The bottom line: What do we know now? That the RBSO did not tell us why He had rachmunis (mercy) on Kayin. As to a rationale, we have many choices to pick form; pick the pshat that talks to you and satisfies your need to understand. Who said we need to chap the RBSO’s was?

Kayin was spared either because:

Picture the scene: The first-ever courtroom drama — no lawyers, no jury, no CNN coverage, just Kayin standing before the RBSO. No forensics, no DNA, no ring camera footage, not even a body count expert — just a shocked family and the RBSO doing the questioning. “Kayin, where’s your brother?” And Kayin gives the line of the century: “Am I my brother’s keeper?” Chevra, the man just invented sarcasm! First murder, first lie, first deflection — the trifecta of human nature.

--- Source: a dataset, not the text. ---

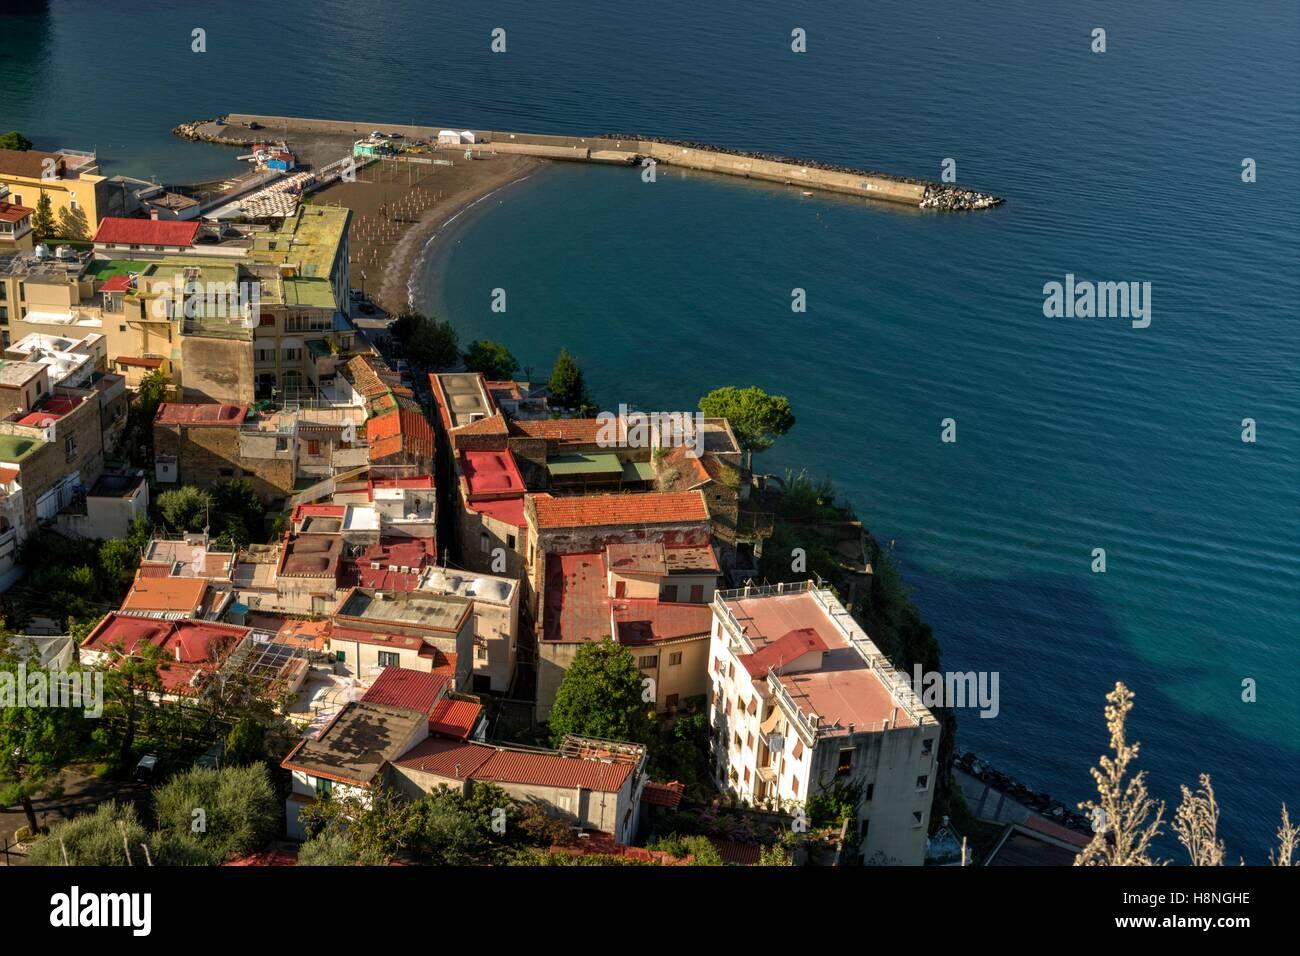 Meta harbour, Italy - Stock Image

And so, raboyseyee, the world’s very first criminal trial ended not with an execution, but with a commutation. Kayin, the original bad boy, walked. Just him, his conscience, and a mark on his forehead. You could say, quite literally, he was the first person in history to get away with murder. Maybe that’s where the expression comes from!  Perhaps that’s why the RBSO let him live — not to reward him, but to teach us that you can fool people, but you can’t fool Heaven. The RBSO sees it all. Still, in the annals of human history, Kayin gets the dubious honor of inspiring the phrase “getting away with murder” — proving that even when you do, you never really do. The guilt, the wandering, the divine ankle monitor — it’s all there.

On the other hand, the man killed his only brother, talked his way out of it, and then went on to build a city and start a family. That’s quite the second chance and career turnaround.


A gittin Shabbis and a Gittin upcoming new Choidesh.